Short answer: we combine data from as many useful online sources
as you can tell us about, official and unofficial.
Longer (technical) answer: if you’re happy to read code, you can look in
the file instructions.json
that EveryPolitician uses to retrieve
and collate the data — see more about this below.
We list the sources we’re using at the bottom of each term’s page (for example, see “Main sources” right at the bottom of the data for the 44th term of Australia’s House of Representatives).
Sometimes the data changes, of course. So we regularly rebuild the data from those sources to keep EveryPolitician up to date.
We aggregate from lots of difference online sources, such as official parliament sites and unofficial sites (including Wikidata, which is the database on which projects like Wikipedia are based). If you know of a good source that we’re not using: let us know!
We merge our data from multiple sources because it's common for different sources to provide different kinds of data (for example, one source might have politicians' dates of birth, while another has their Twitter handles).

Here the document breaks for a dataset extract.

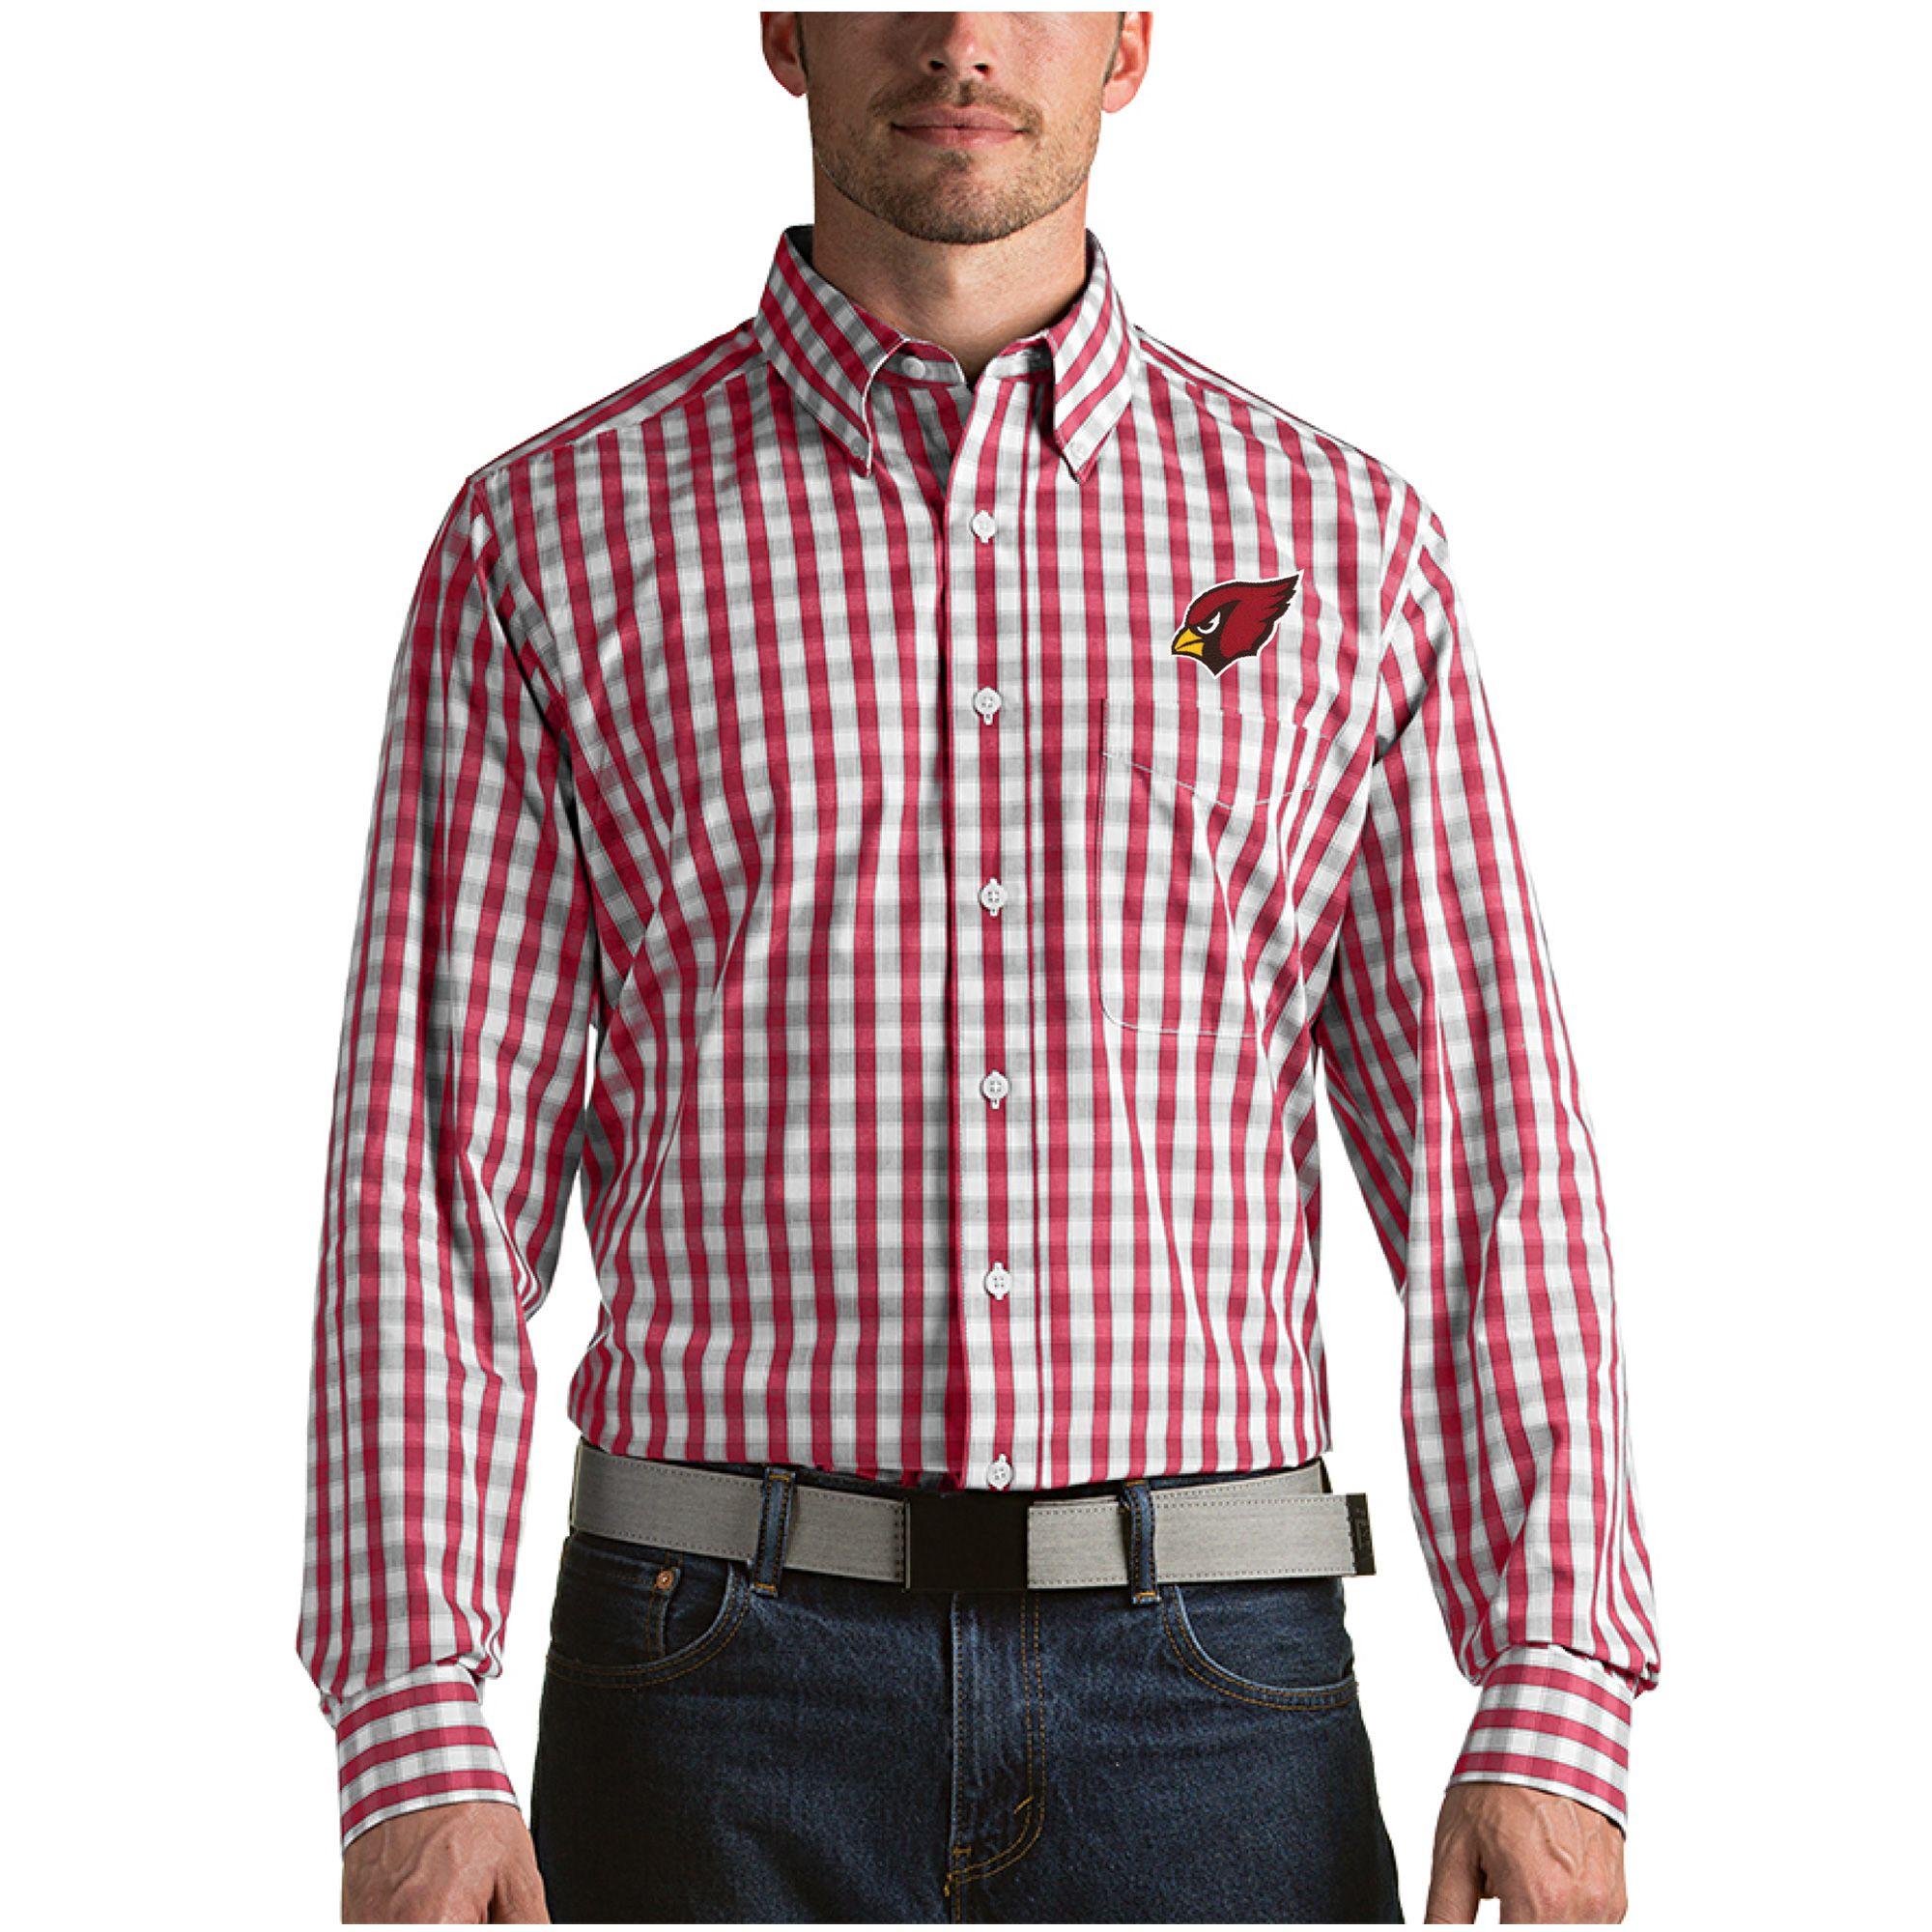 29+ Arizona cardinals dress shirt ideas in 2021

If any of the sources themselves have clear, consistent IDs, we try to
capture those (and include them in the identifiers
field within
the JSON), because we know that sometimes it can be helpful to be able to map
back to the original data sets.
The data sources available vary immensely from country to country. And the best people to ask for the best data sources are the locals: so if you know of a good source that we’re not using in your country, let us know! Just pointing out a source to us is helpful; you don’t have to do the hard work of actually extracting the data.
You can see exactly where the data’s coming from by looking in the
EveryPolitician
data repo. Specifically, you want the sources
directory for
the legislature you’re interested in. Look inside the
instructions.json
there because that is the file EveryPolitician
uses to rebuild its data whenever something changes.
For example, the instructions (containing the explicit sources as well as
indications of how to process them) that EveryPolitician follows for putting
together its data for Australia’s House of Representatives are in this
instructions.json
file.
Amongst other things, that file tells you the type of data it’s
getting as well as URL of the resource. It’s common for the resource
itself to be the output of a process that is getting data from the “raw”
source — for example, in the case of Australia, two of the sources
(one
for determining the terms available, and
another
for the politicians’ names) are the output of a single webscraper running
here:
morph.io/tmtmtmtm/australia-openaustralia
.
If you look at
the scraper's source code,
you can see that the scraper itself is getting data from
OpenAustralia's data site.